Issue
I'd like to select some points on a plot (e.g. from box_select
or lasso_select
) and retrieve them in a Jupyter notebook for further data exploration. How can I do that?
For instance, in the code below, how to export the selection from Bokeh to the notebook? If I need a Bokeh server, this is fine too (I saw in the docs that I could add "two-way communication" with a server but did not manage to adapt the example to reach my goal).
from random import random
from bokeh.io import output_notebook, show
from bokeh.plotting import figure
from bokeh.models.sources import ColumnDataSource
output_notebook()
x = [random() for x in range(1000)]
y = [random() for y in range(1000)]
s = ColumnDataSource(data=dict(x=x, y=y))
fig = figure(tools=['box_select', 'lasso_select', 'reset'])

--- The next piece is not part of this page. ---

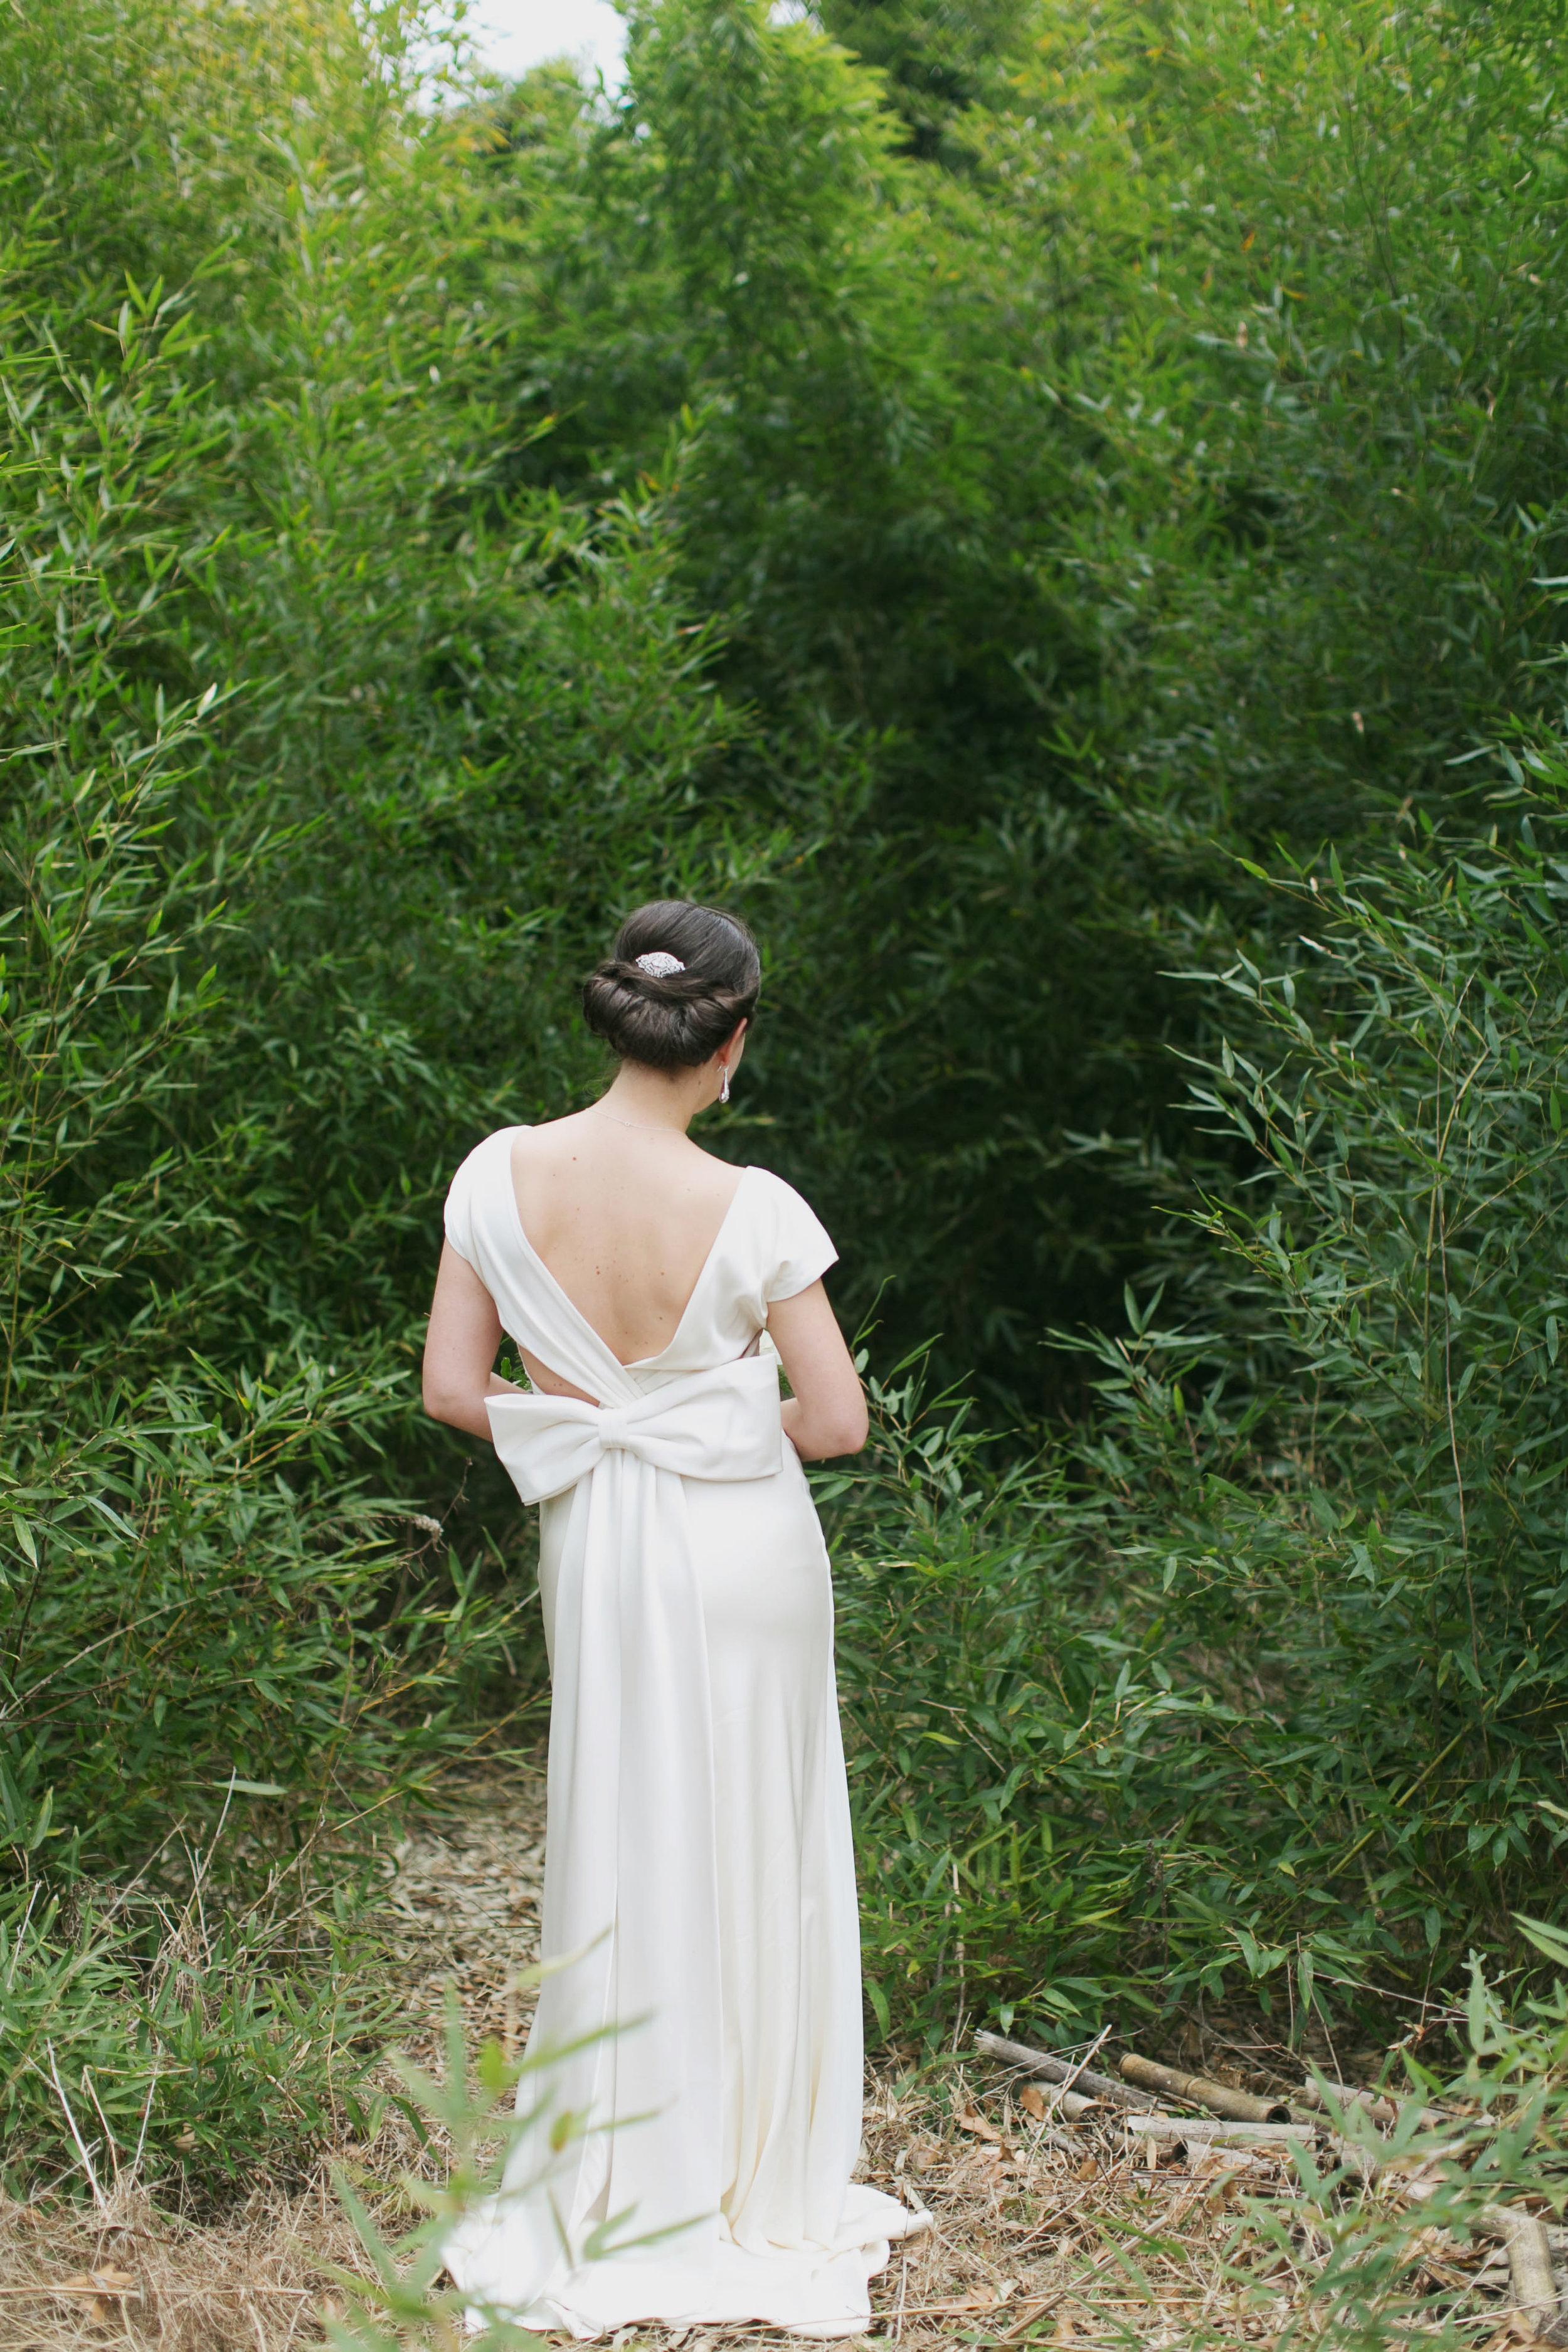 Simply-Charming-Socials_Atlanta-Wedding-Planner_Our-Labor-Of-Love_Emily-and-Jon_7.jpg

fig.circle("x", "y", source=s, alpha=0.6)
show(fig)
# Select on the plot
# Get selection in a ColumnDataSource, or index list, or pandas object, or etc.?
Notes
- I saw some related questions on SO, but most answers are for outdated versions of Bohek, 0.x or 1.x, I'm looking for an answer for v>=2.
- I am open for solutions with other visualization libraries like altair, etc.
Solution
If you have a bokeh server running, you can access the selection indices of a datasource via datasource.selection.indices
. The following is an example how you would do this (modified from the official Embed a Bokeh Server Into Jupyter example):
from bokeh.models import ColumnDataSource
from bokeh.plotting import figure
from bokeh.io import show, output_notebook
from bokeh.sampledata.sea_surface_temperature import sea_surface_temperature
output_notebook()
df = sea_surface_temperature.copy()[:100]
source = ColumnDataSource(data=df)
def bkapp(doc):
plot = figure(x_axis_type='datetime', y_range=(0, 25), tools="lasso_select",
y_axis_label='Temperature (Celsius)',
title="Sea Surface Temperature at 43.18, -70.43")
plot.circle('time', 'temperature', source=source)
doc.add_root( plot)
show(bkapp)
After you selected something, you could get the selected data as following:
selected_data = df.iloc[source.selected.indices]
print(selected_data)
Which should show you the selected values.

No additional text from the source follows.